5. Layer 3: Portfolio-Level Backtest

-- | Walk-forward portfolio simulation.
-- Compares signal-driven strategy to equal-weight benchmark.
evalPortfolio
  :: EvalConfig
  -> (Map Text [DailyBar] -> Map Text Signal)  -- signal function
  -> Map Text [DailyBar]                        -- full price history
  -> (PortfolioEval, PortfolioEval)             -- (strategy, benchmark)
evalPortfolio config signalFn allPrices =
  let rebalDates = generateRebalDates (ecTestStart config) (ecTestEnd config) (ecRebalanceFreq config)

      -- Strategy: signal → alpha → Kelly weights
      strategyReturns = walkForwardReturns rebalDates allPrices $ \date pricesAsOf ->
        let signals = signalFn pricesAsOf
            alphaScores = combineSignals defaultSignalWeights (Map.elems signals)
            mu = toVector alphaScores
            sigma = correlationMatrix (Map.elems pricesAsOf)  -- realized cov
            weights = kellyOptimalCorrelated 0.04 mu sigma
        in weights

      -- Benchmark: equal weight across tradeable universe
      benchmarkReturns = walkForwardReturns rebalDates allPrices $ \_ _ ->
        let n = length (filter assetTradeable (ecUniverse config))
        in fromList (replicate n (1.0 / fromIntegral n))

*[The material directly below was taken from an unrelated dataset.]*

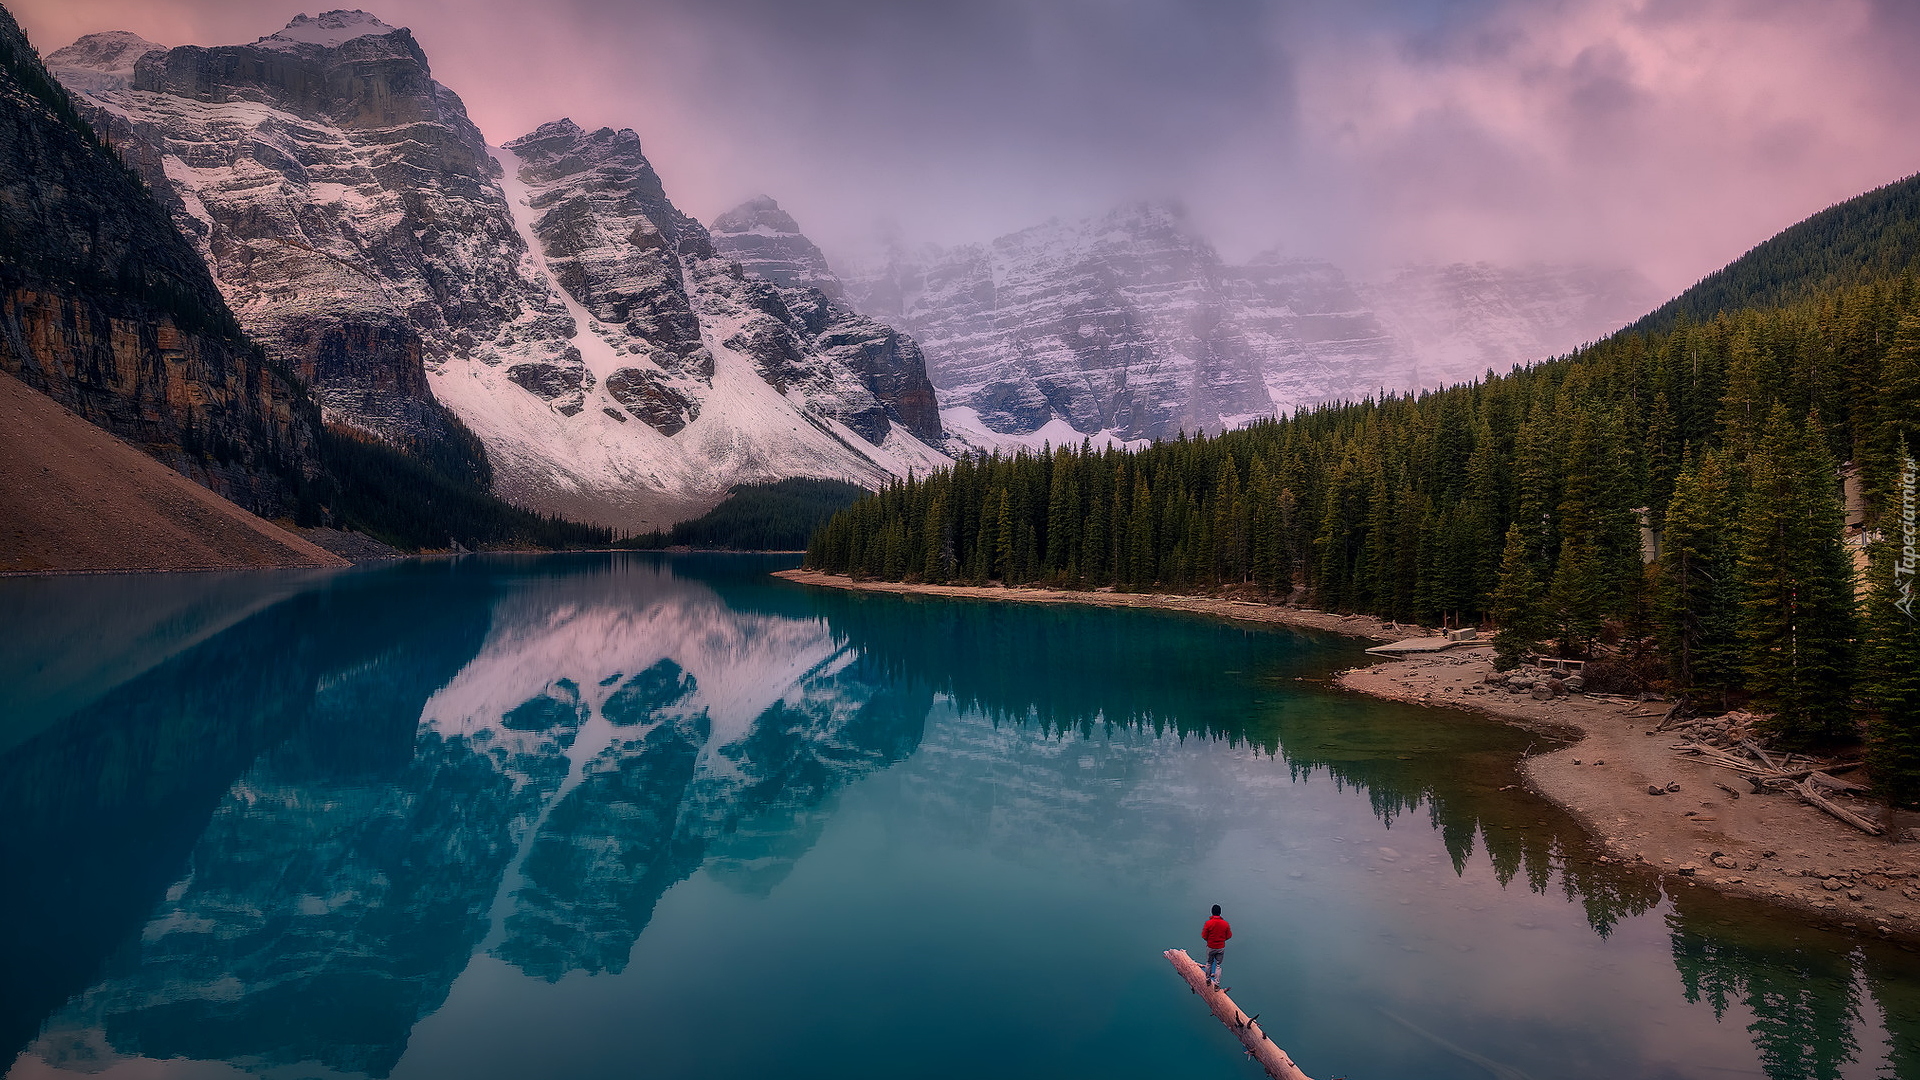 Park Narodowy Banff, Jezioro, Moraine lake, Dolina Dziesięciu Szczytów, Góry, Canadian Rockies, Drzewa, Konar, Człowiek, Alberta, Kanada

      stratEval = computePortfolioMetrics "signal-driven" (ecTestStart config, ecTestEnd config) strategyReturns
      benchEval = computePortfolioMetrics "equal-weight" (ecTestStart config, ecTestEnd config) benchmarkReturns

  in (stratEval, benchEval)

-- | Walk forward: at each rebalance date, compute weights, hold until next date,
-- measure return.
walkForwardReturns
  :: [Day]                                        -- rebalance dates
  -> Map Text [DailyBar]                          -- price history
  -> (Day -> Map Text [DailyBar] -> Vector Double) -- weight function
  -> [(Day, Double)]                              -- (date, period return)
walkForwardReturns dates prices weightFn =
  zipWith (\d1 d2 ->
    let pricesAsOf = Map.map (filter (\b -> dbDate b <= d1)) prices
        weights = weightFn d1 pricesAsOf
        -- Period return = weighted sum of individual asset returns
        assetReturns = Map.map (periodReturn d1 d2) prices
        portfolioReturn = dot weights (toVector assetReturns)
    in (d1, portfolioReturn)
    ) dates (tail dates)

-- | Compute standard portfolio metrics from a return series.
computePortfolioMetrics :: Text -> (Day, Day) -> [(Day, Double)] -> PortfolioEval
computePortfolioMetrics name period returns =
  let rets = map snd returns
      cumulative = scanl1 (*) (map (+ 1) rets)
      totalReturn = last cumulative - 1
      years = fromIntegral (diffDays (snd period) (fst period)) / 365.25
      annualized = (1 + totalReturn) ** (1 / years) - 1
      sharpe = mean rets / standardDeviation rets * sqrt 252
      maxDD = maxDrawdown cumulative
      winRate = fromIntegral (length (filter (> 0) rets)) / fromIntegral (length rets)
      calmar = if maxDD > 0 then annualized / maxDD else 0
  in PortfolioEval
       { peStrategy = name
       , pePeriod = period
       , peTotalReturn = totalReturn
       , peAnnualizedReturn = annualized
       , peSharpeRatio = sharpe
       , peMaxDrawdown = maxDD
       , peAnnualTurnover = 0  -- TODO: track from weight changes
       , peWinRate = winRate
       , peCalmarRatio = calmar
       }

maxDrawdown :: [Double] -> Double
maxDrawdown cumReturns =
  let peaks = scanl1 max cumReturns
      drawdowns = zipWith (\peak val -> (peak - val) / peak) peaks cumReturns
  in maximum drawdowns

6. Agent-Specific Evals (Phase 3)

These only apply when LLM agents are involved (insider + macro agents).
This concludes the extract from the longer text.